Akragaslı Empedokles dört unsuru bulmuştur: toprak, su, ateş, hava. Unsurların karışımını, doğanın devineğini sağlayan etkileri de bilmekle övünür. Fizikçi, hekim, hatip, rahiptir. Bilgisi evreni sarar. Tanrı gücü duyar kendinde. Bu gücü öğretisini dinleyenlerle paylaşacağına söz verir:

Öğreneceksin benden
hastalıklara karşı koymanın çarelerini,
ihtiyarlığı önlemenin yolunu,
gerçekleştireceğim bunları sana, yalnız sana.
Durduracaksın azgın yellerin gücünü
topraklara saldıran, tarlaları kıran.
Yok denk getirmek istersen,
salacaksın gene yelleri.
Durduracaksın kara yağmuru
kuraklıksa insanlara hayırlı.
Yaz kuraklığından sağnaklar yağdıracaksın
göklerden kopan, ağaçları besleyen.
Ölmüş adamın gücünü getireceksin.
Hades'ten gerisin geri yeryüzüne.

Doğayı dizgine vurmak, ecele karşı koyup ölüyü diriltmek ha? Zeus bile girişmemişti böyle bir işe. Empedokles göğün, bir de toprağın menos'undan dem vurur: Adam öldüren insanın ruhu üç kere on bin yıl biçimden biçime girip sürünürmüş, göğün gücü onu denize atar, deniz toprağın üstüne tükürür, toprak güneşin ışınlarına salarmış onu, böylece evrende döne döne çekermiş cezasını. Toprağın menos'una gelince, Empedokles onun için kıllı diyor: Sphairos'u anlatmaktadır -biz bugün sphairos sözcüğüne gök kubbe değil de, uzay diyebiliriz- uzayda diyor Empedokles, güneşin hızlı uzuvları -güneşin de tıpkı insan gibi eli kolu var demek- görülmez, ne deniz vardır, ne kıllı, yani üstü bitkiyle örtülü dünya, uzay yusyuvarlak bir uyum içinde, yalnızlığın sevinciyle döner.

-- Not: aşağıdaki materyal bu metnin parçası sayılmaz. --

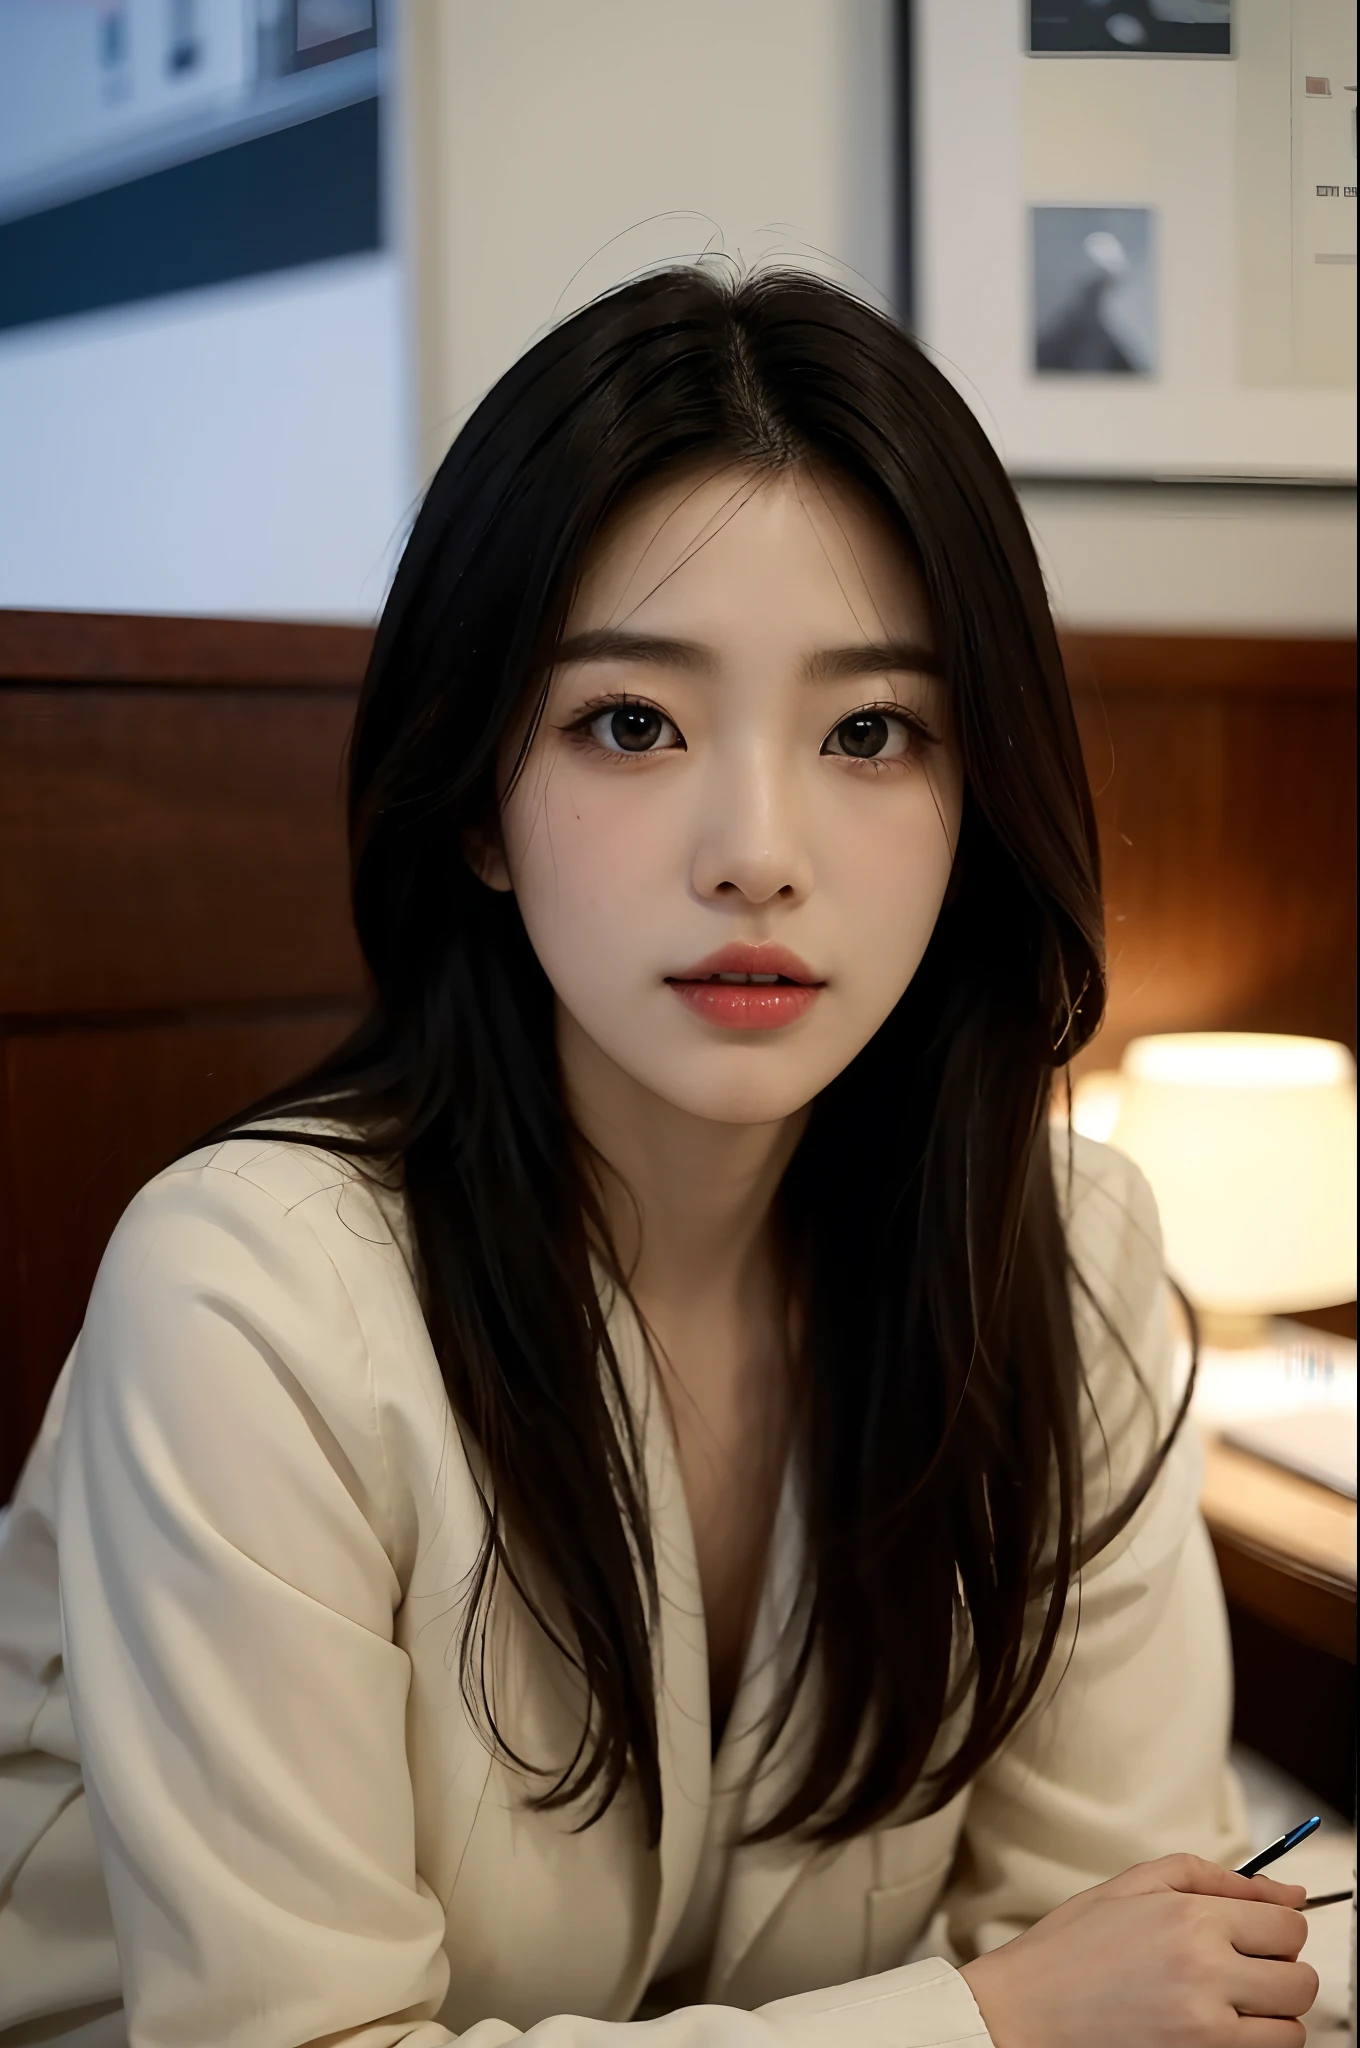 高解像度, 完璧な肌を持つプロの韓国人オフィスレディのリアルな肖像画，プロフェッショナルスーツ，レディーススーツ，立つ姿勢，体の上部，職場における女性，自信と成熟度を示す, 近代的な企業環境に囲まれた, 鮮やかで自然な光のハイライト. アートワークは彼女の優雅な顔立ちを強調するべきである, 魅力的な長い目を含む, 揺れるまつげと魅惑的な唇. シーンはプロフェッショナリズムと視覚的な魅力の要素で強化されるべきである，例えば, スタイリッシュなワークデスク, メインフレームコンピュータ, 高解像度olution display, 複雑な文房具. 全体的なトーンは暖かくプロフェッショナルなものでなければならない, 柔らかく自然なカラーパレット. アートワークはプロフェッショナルな感覚を醸し出すものでなければならない, 成功, 文化的な誇り，背景がぼやけている

Homeros'un insanda, hayvanda, Sokrates öncesi düşünürlerin de bütün doğada varlığını gördükleri bu güç, hayat mı, canlılığın ta kendisi mi? Menos'un bu anlamda çok kısa bir tarihi var: verdiğimiz örneklerle nerdeyse tükenir. Sonraları Yunan dilinde ona rastlansa da öfke ya da taşkınlık gösteren dar bir anlamda rastlanır. 

Felsefe sözlüğüne baktım: menos'a karşıt olarak demas'ı gösteriyor. Demas insan bedeninin yapısı; evrende ona da mı rastlayacağız?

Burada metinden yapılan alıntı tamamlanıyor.